▶ PROVIDED MATERIAL:
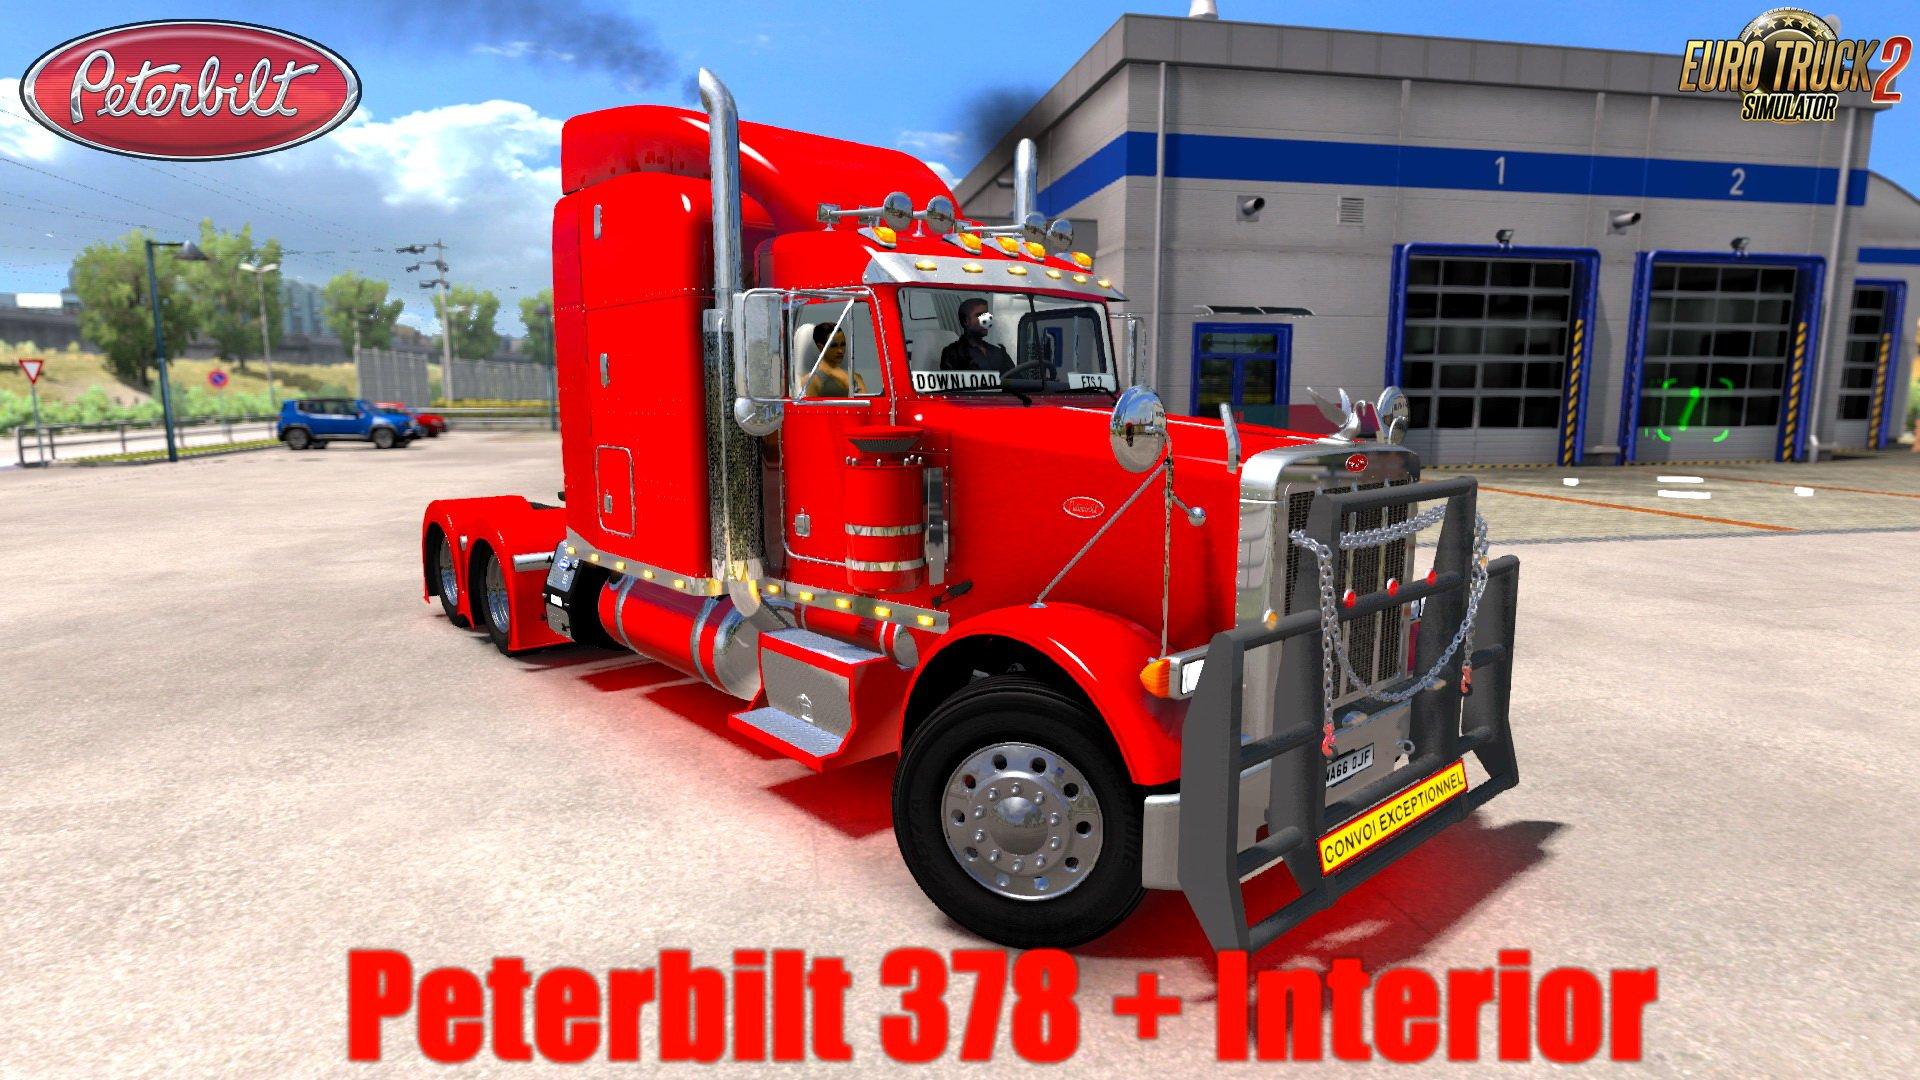 Peterbilt 378 + Interior v3.0 (1.30.x) (ETS 2)
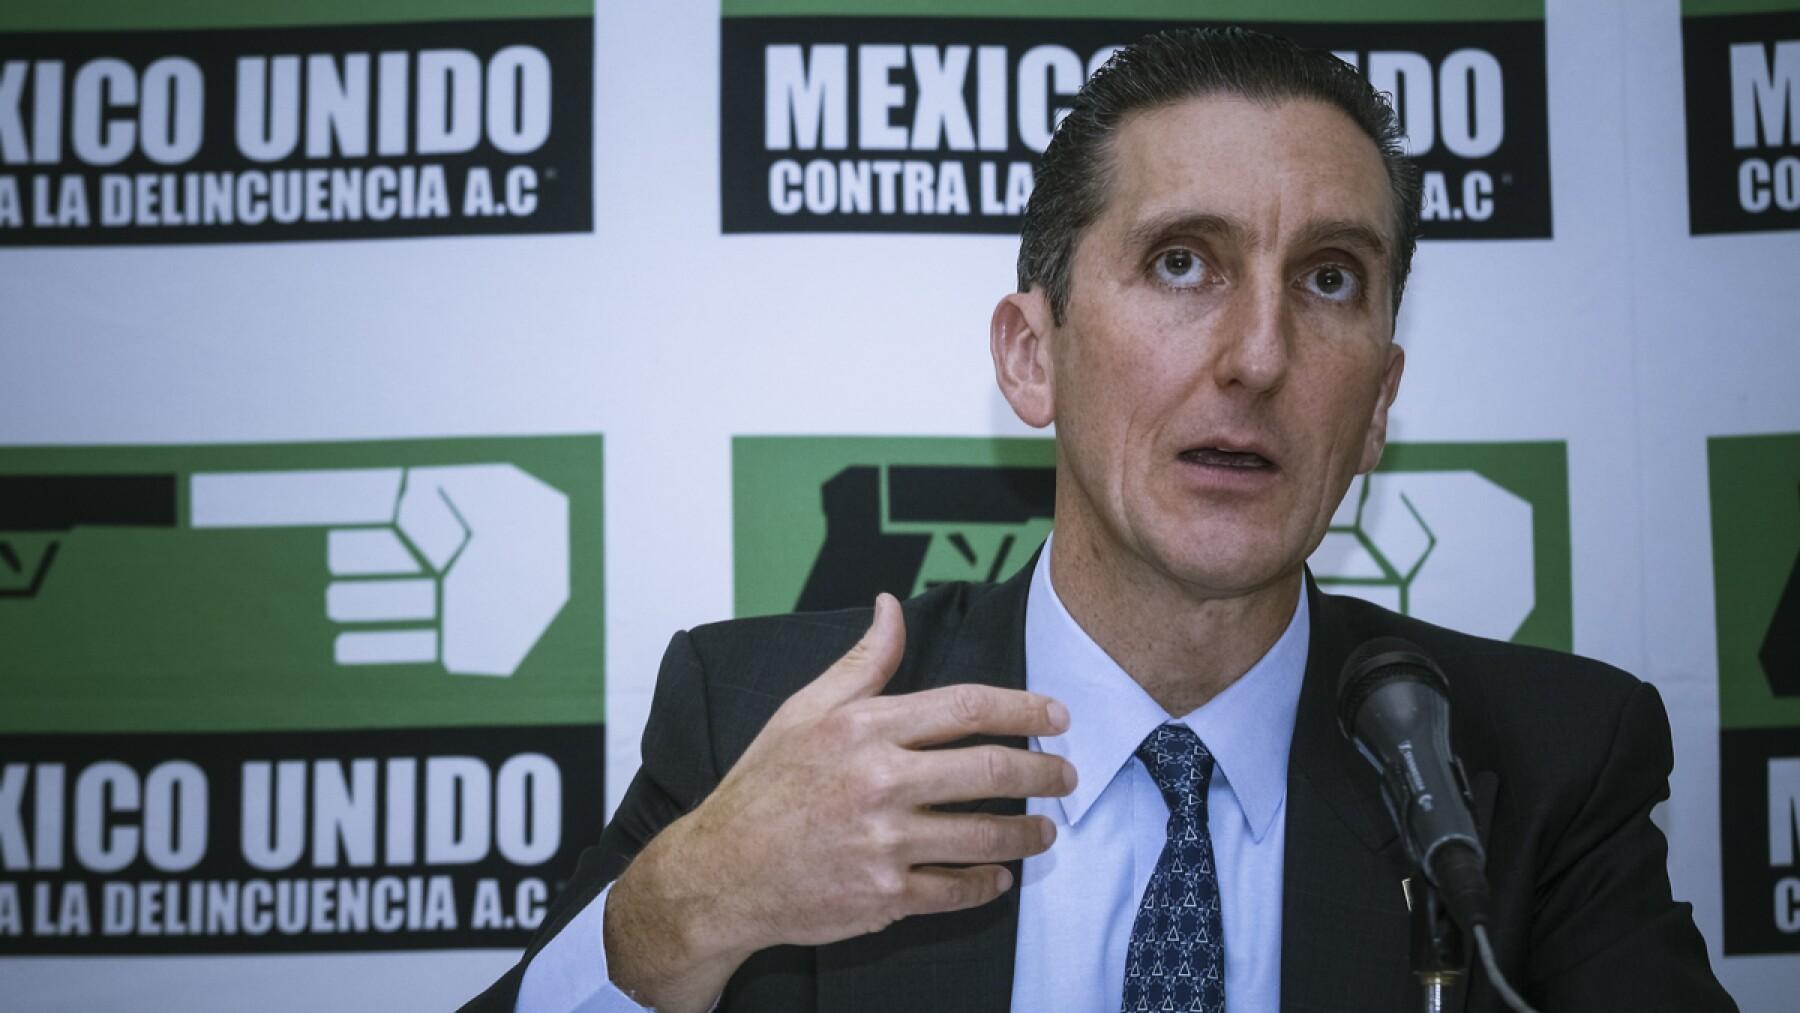 Juan Francisco Torres Landa
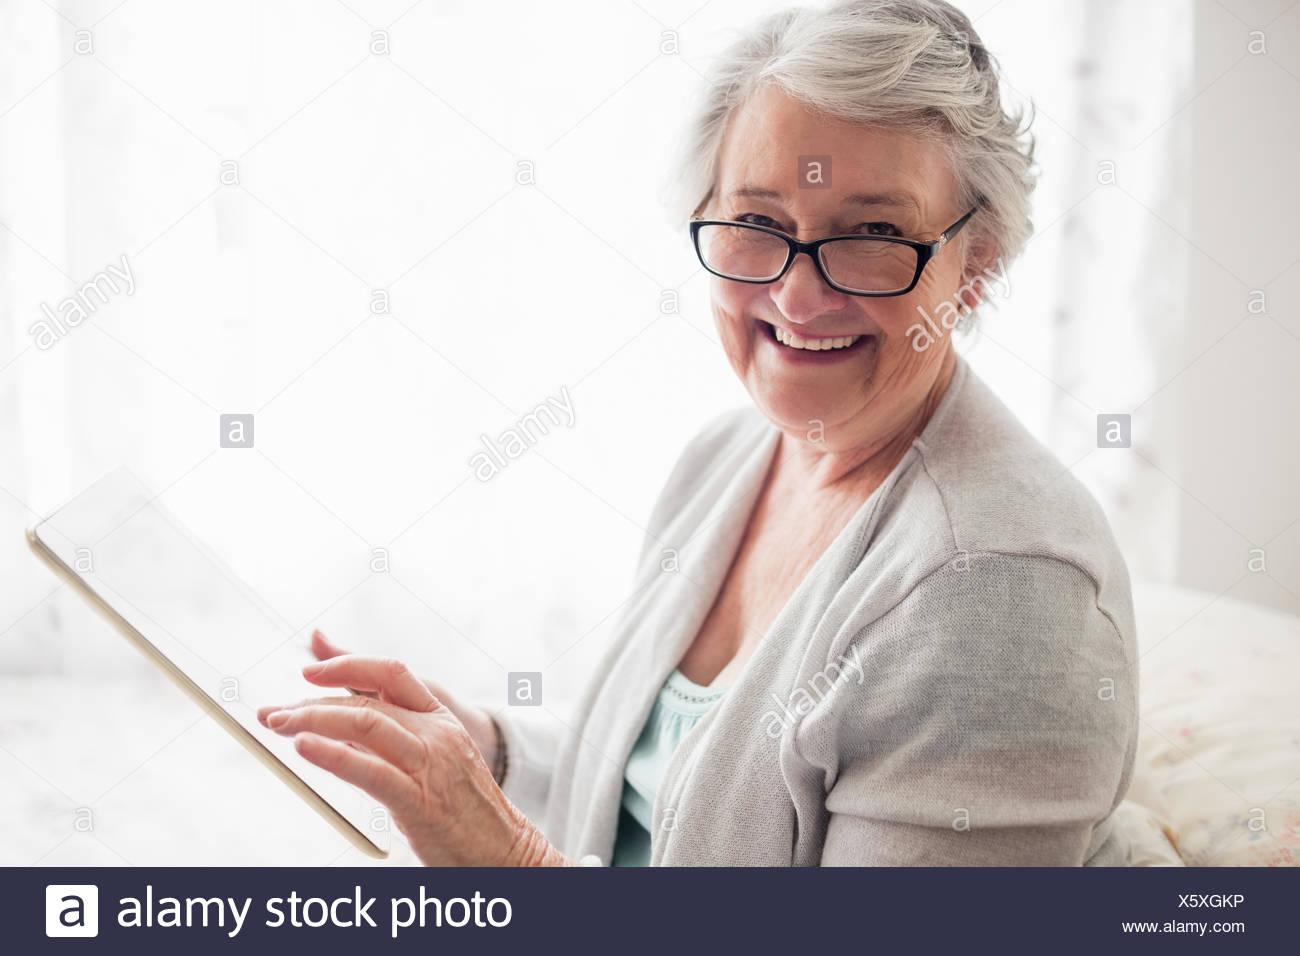 Senior woman smiling - Stock Image

▶ TASK TO COMPLETE: Please output all the data exactly as given, with the pictures omitted.

▶ ANSWER TO THIS PROBLEM:
 Peterbilt 378 + Interior v3.0 (1.30.x) (ETS 2)
 Juan Francisco Torres Landa
 Senior woman smiling - Stock Image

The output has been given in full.